“My son Paul,” said Lady Markham, in a low voice, looking at him through the tears in her eyes, “will be far away from us—will not be at hand to be of use or consolation in case anything should happen to us, if you and he have your will, Mr. Spears. He will be far away where he will be of no use to his family. Such a thing might happen, though God forbid it! as that I might be left to struggle alone for my children; and Paul, my eldest, my natural help, far away, lost to me, as if he had never been.”
Spears turned away while she was speaking, and returned to his bench. He cleared his throat; his face flushed; he was as much embarrassed as she had been at the beginning, and did not know how to reply.
“My lady,” he said, “this is too bad; I think it is too bad.
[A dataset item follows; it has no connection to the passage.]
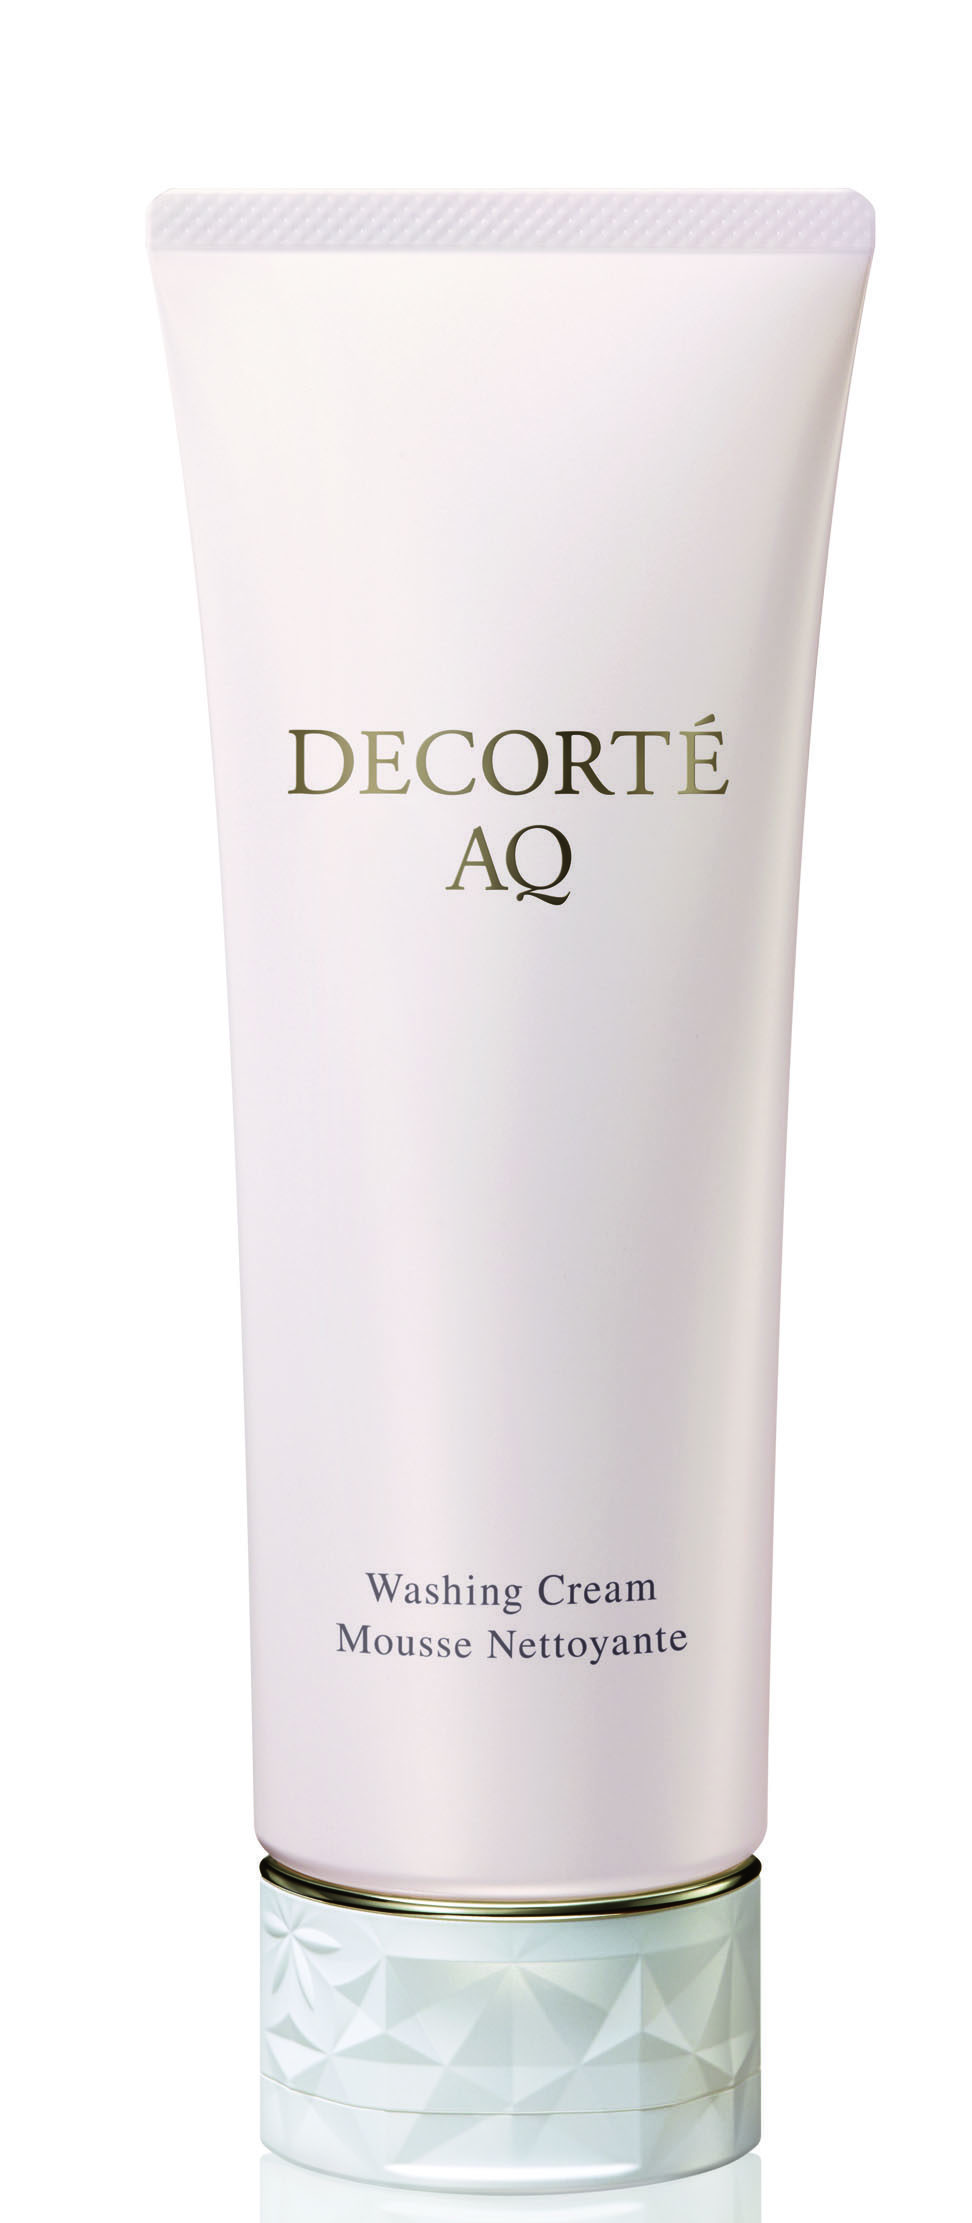 DECORTÉ AQ Washing Cream per una detersione efficace e piacevole

After all a man has more things to think of in this world than whether his family has need of him, or if he can be of use to his mamma.”
He said the last word with a semitone of ridicule, then blushed for himself as he caught her eye. Lady Markham saw her advantage. She would not let him escape.
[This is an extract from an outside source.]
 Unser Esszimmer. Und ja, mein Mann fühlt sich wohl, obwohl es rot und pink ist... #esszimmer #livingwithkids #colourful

“Are there then many things in this world that are better than being of use to your family, and helping in a hard task your mother? Do you think so, Mr. Spears? Ah, no! I am certain you don’t. You are talking au bout des lèvres, not from your heart. If we should ever need him, Paul will be—who can tell?—thousands and thousands of miles away; and for what? Why do you want him to go with you? Why are you going? I do not know the reason. Because you are impatient, and do not like the manner in which things are arranged at home?”
“We will not enter into that, my lady,” said Spears; “we will not enter into that.”
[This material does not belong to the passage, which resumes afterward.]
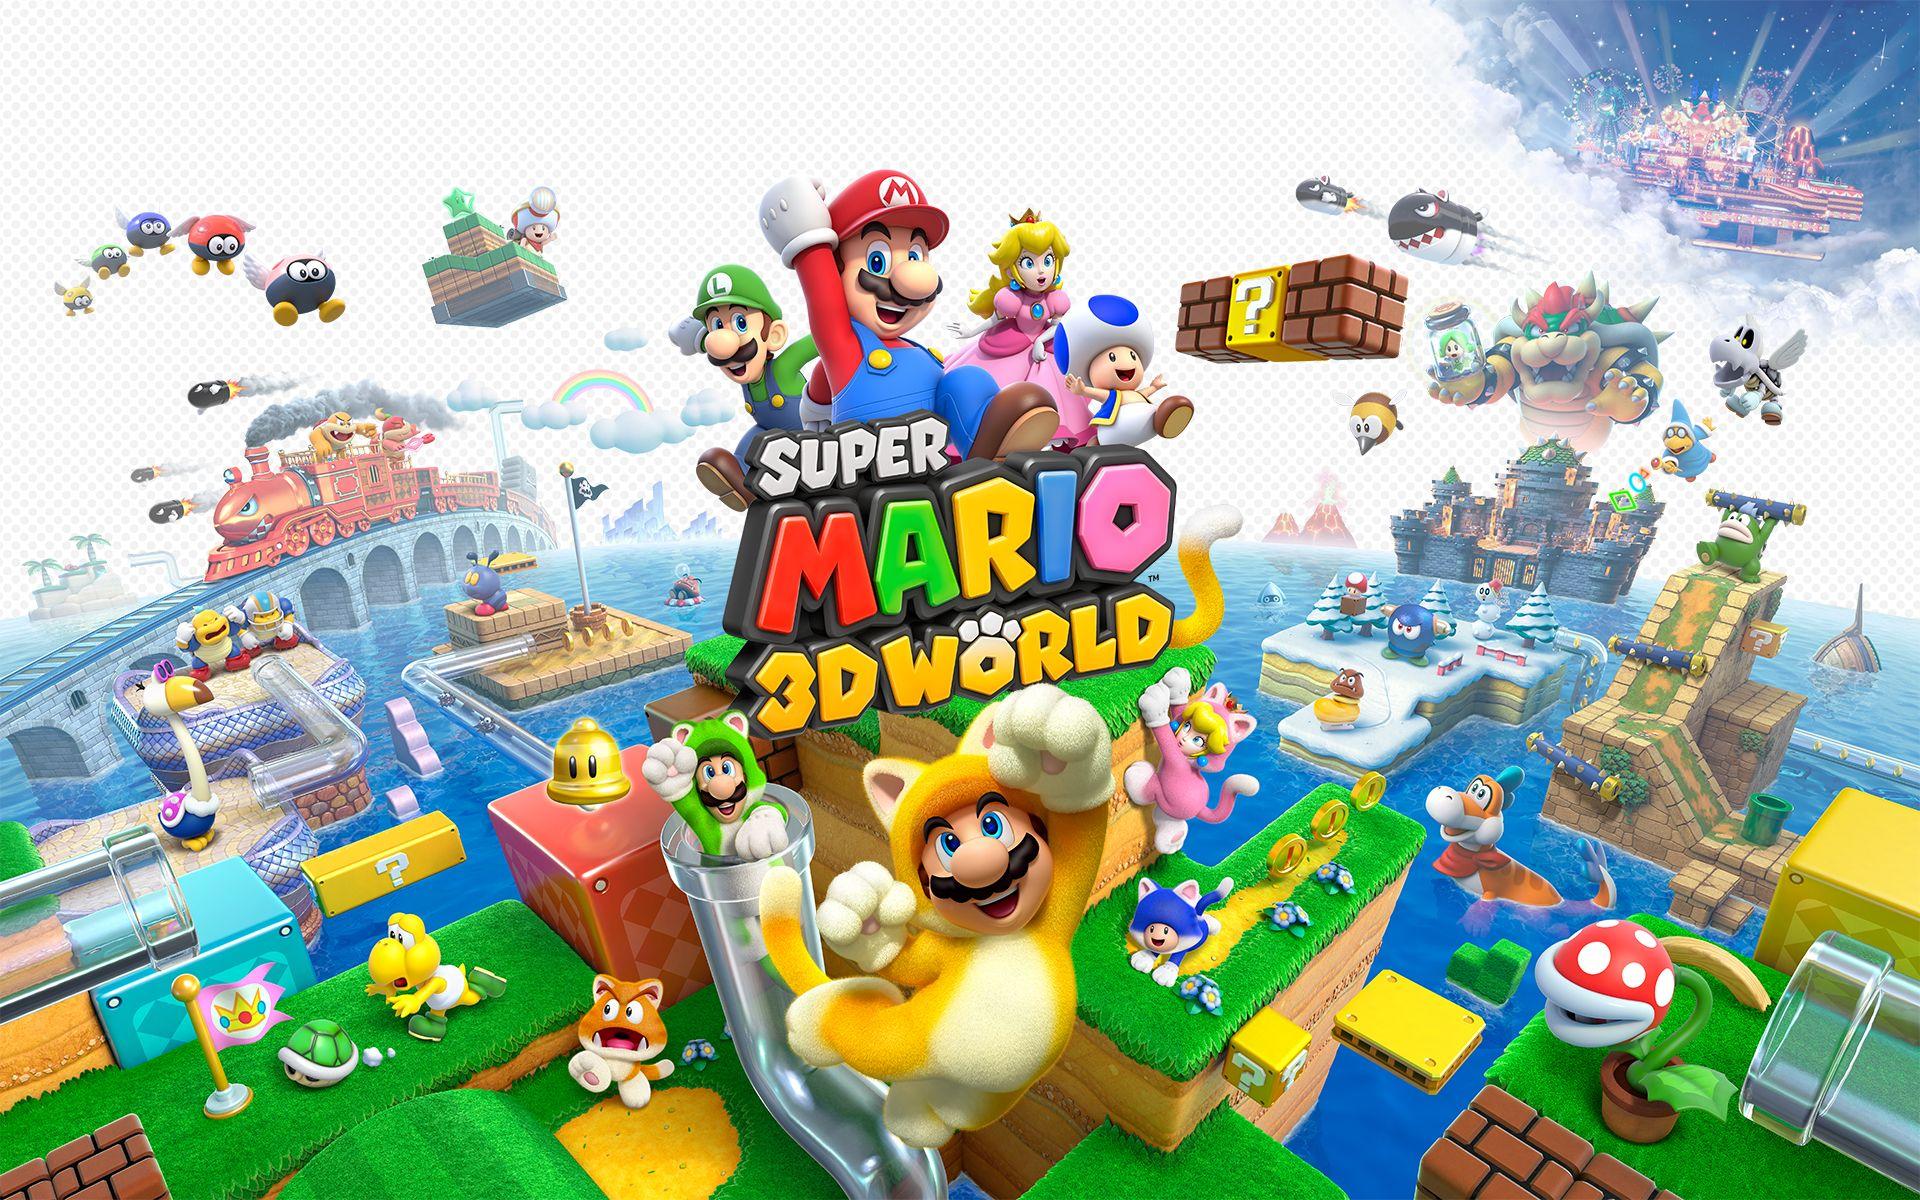 Best Super Mario 3D World Wallpaper. Nintendo News Fix

He said this, half in contempt of her intelligence, which did not rise to his lofty view, half because (and this really meant the same thing) it was very difficult to explain why he thought it expedient to go away. Many motives were mingled in his resolution which he did not dwell upon even to himself. He was tired of poor work and poor pay, and the struggle of living; tired of having to manufacture pictures-frames for bread when he could have done something so much better: and disgusted that his higher work got no real appreciation from any one. And he was tired too even of his agitation, the speeches and popular applause which were all very well for the moment, but neither seemed to convince any one, nor to affect the world at all. All this was going on day after day, week after week, but never came to anything. Often speakers whom he knew to be much inferior to himself were more warmly applauded; and some whom he considered (as other people considered him) to be stump orators and noisy demagogues, got elevated and salaried, and swaggered about in all the importance of delegates and representatives of the people, while he received no such distinction. Though this was partly his own fault through the pride and love of independence which characterised him, yet Spears felt it. It soured him, in spite of himself. All this, however, lay in his heart undivulged, except by a bitter word now and then; and what he said to himself was that the old country was thoroughly corrupt and hopeless, but that in a new country, under better conditions, life would be more worth having. Did this fine lady, who knew nothing about it, divine what was secretly shut up in his mind? He grew half afraid of her, simple and ignorant as she had seemed to him a little while before.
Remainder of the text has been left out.